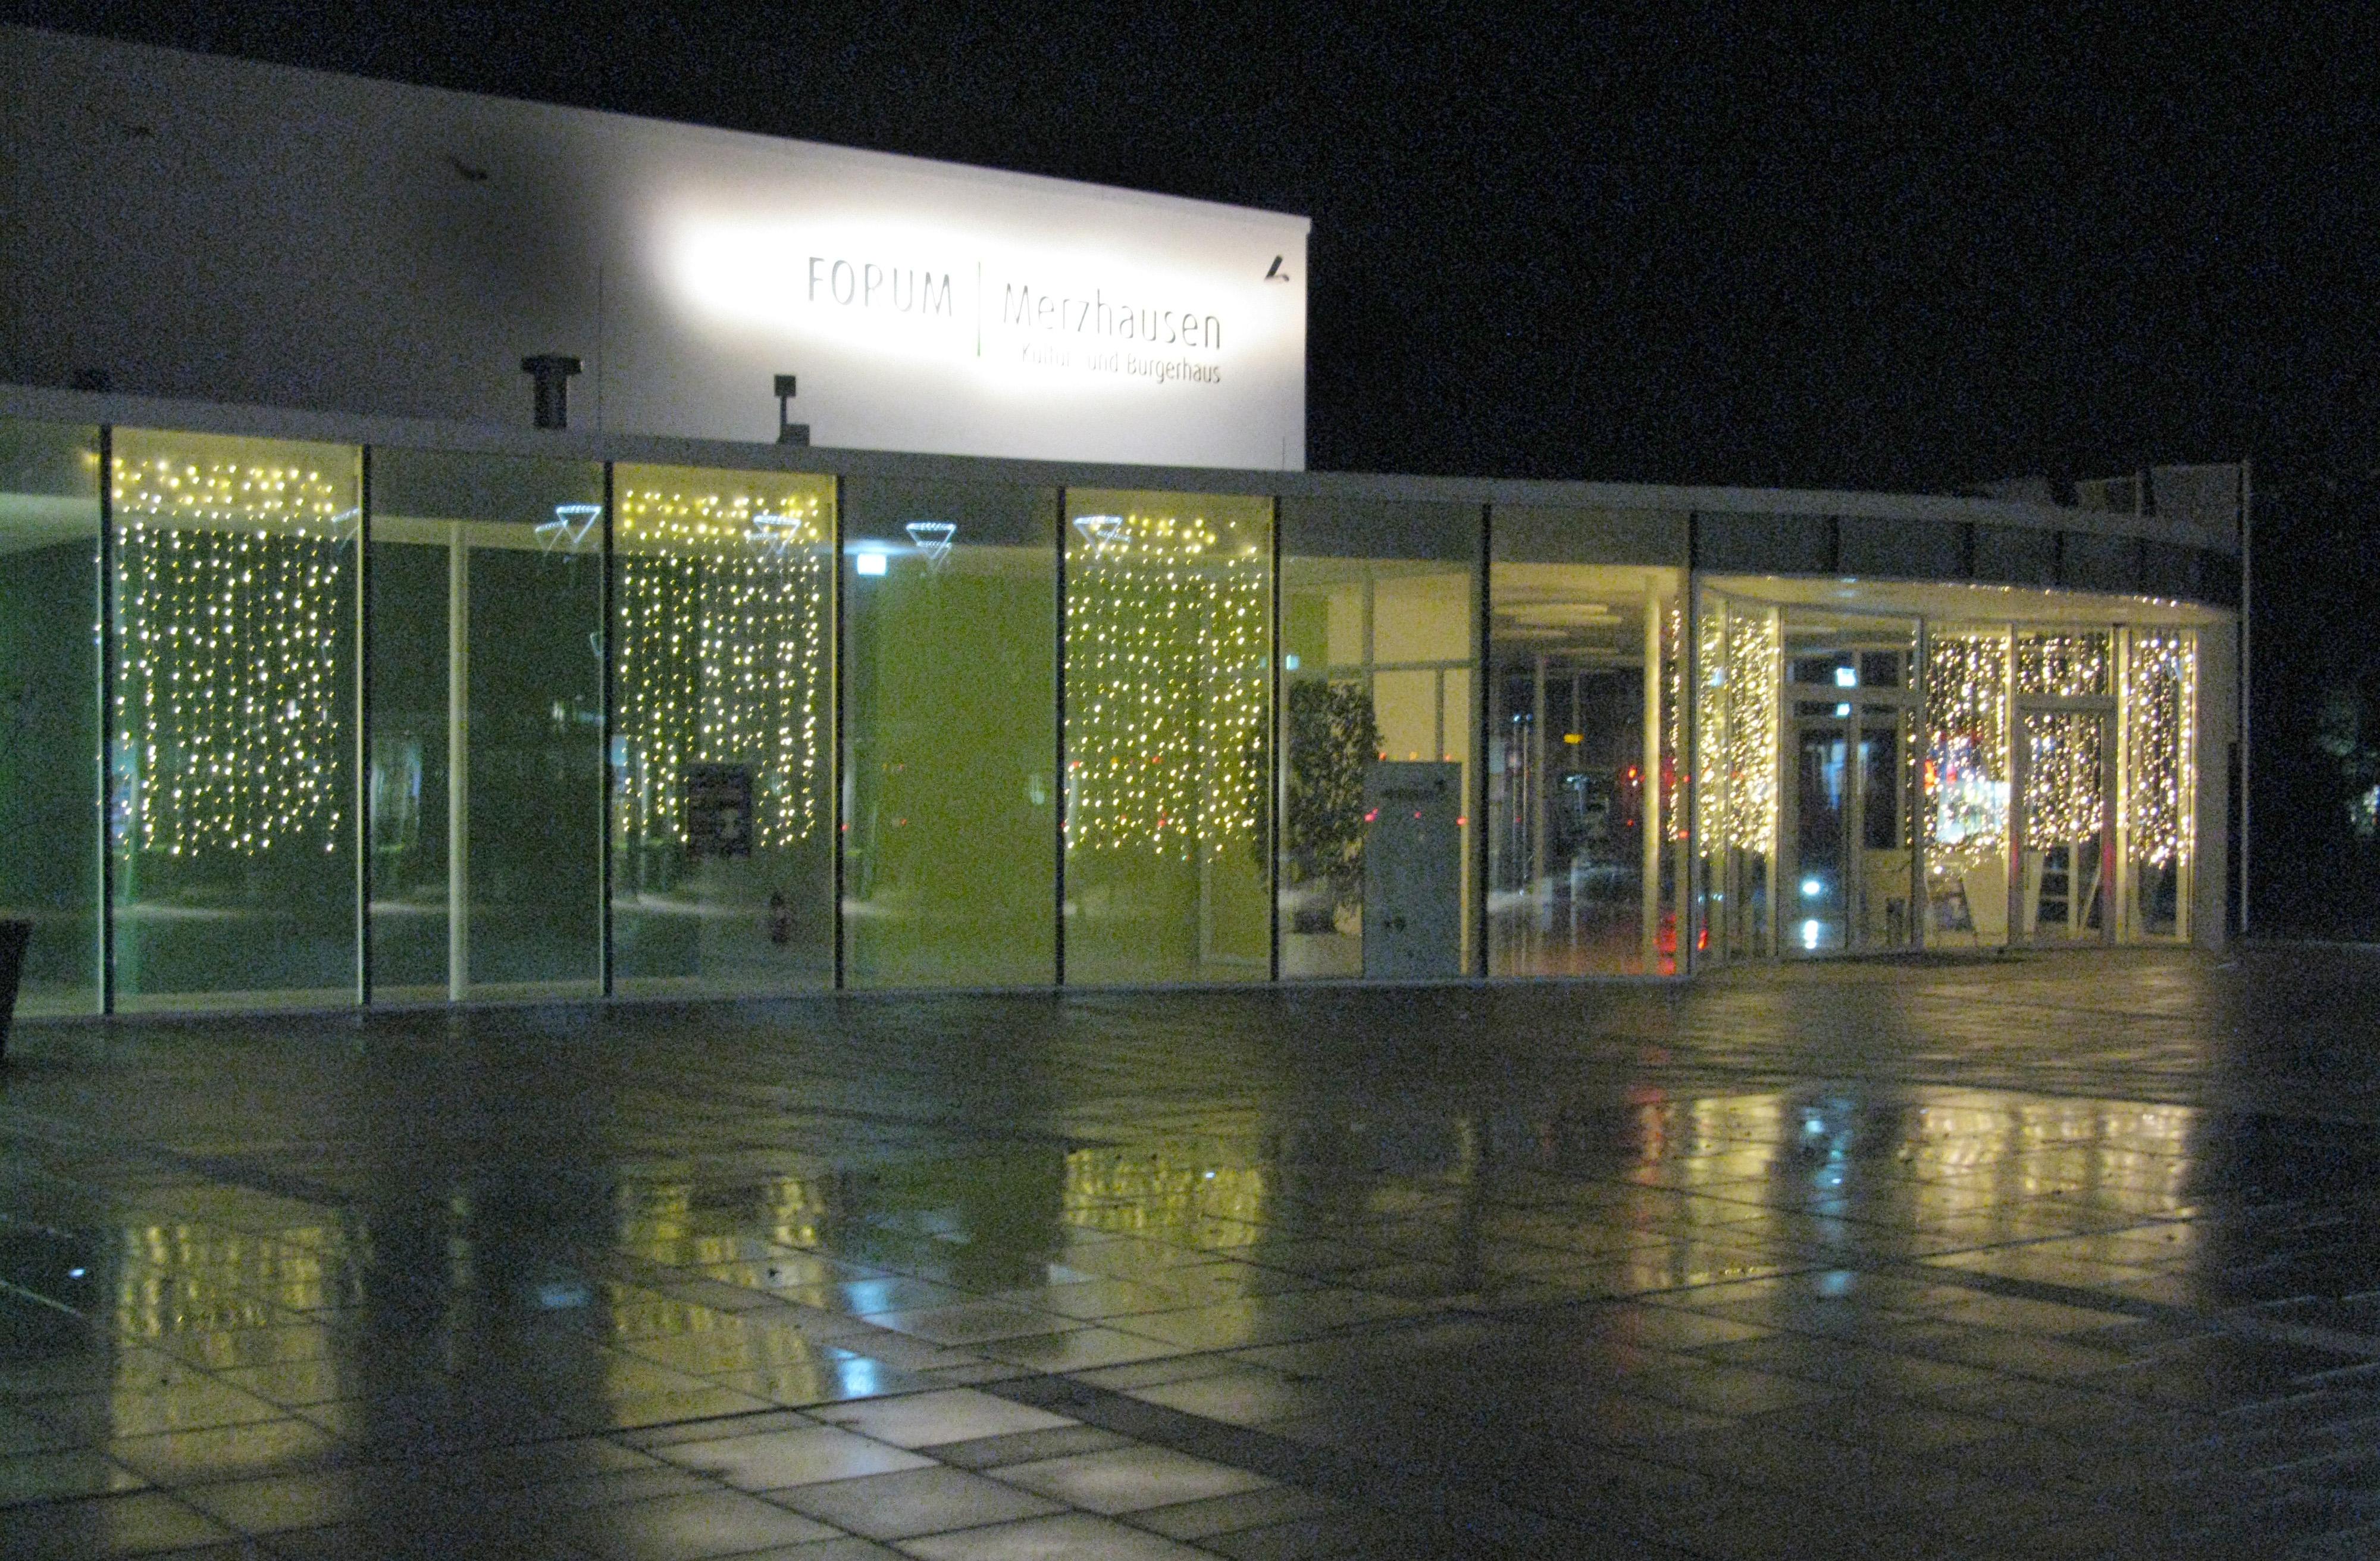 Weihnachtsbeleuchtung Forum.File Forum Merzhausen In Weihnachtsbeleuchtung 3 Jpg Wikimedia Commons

-=-=-

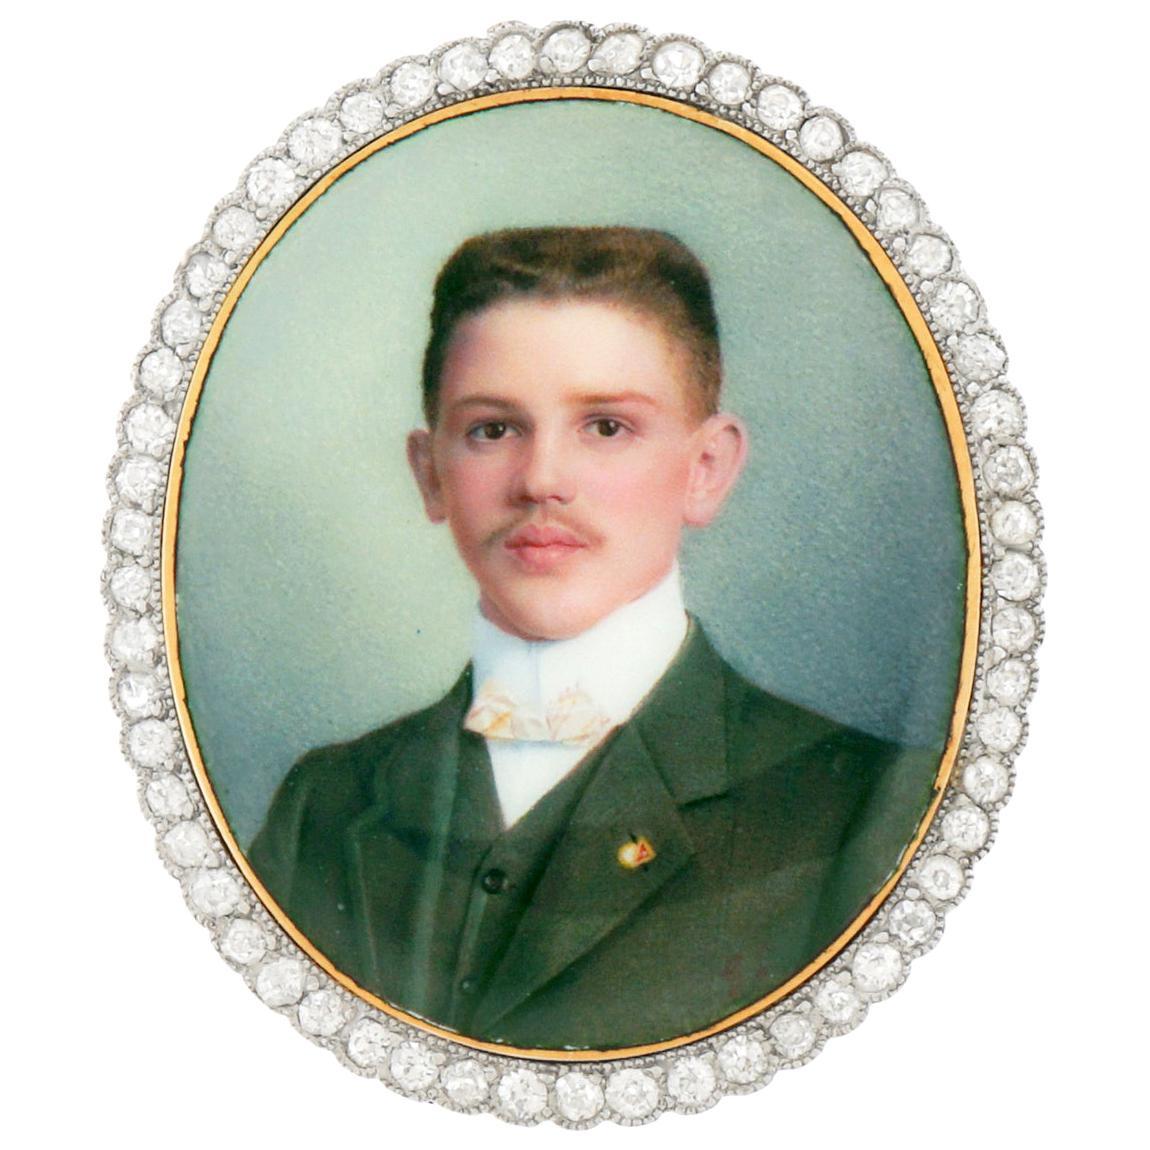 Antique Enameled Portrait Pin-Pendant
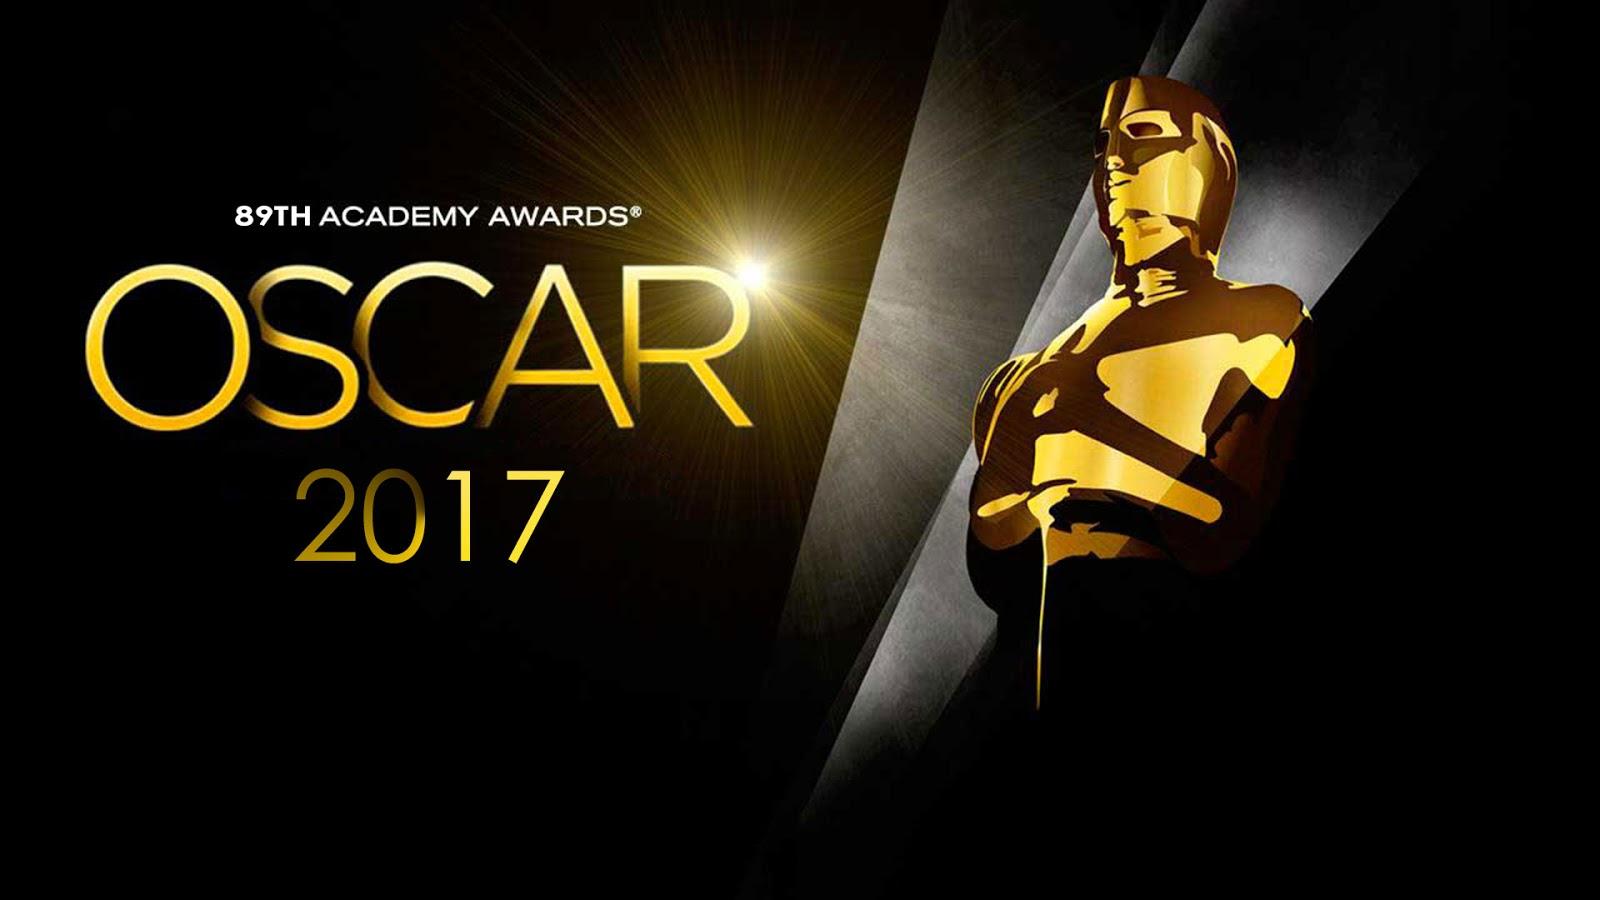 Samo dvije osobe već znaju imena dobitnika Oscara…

-=-=-

**Required work**
From the entries above, copy exactly the lines starting at the one with "Antique Enameled Portrait Pin-Pendant" and stopping at the one with "Samo dvije osobe", keeping both ends. Drop the pictures.

**Solution to this exercise**
 Antique Enameled Portrait Pin-Pendant
 Samo dvije osobe već znaju imena dobitnika Oscara…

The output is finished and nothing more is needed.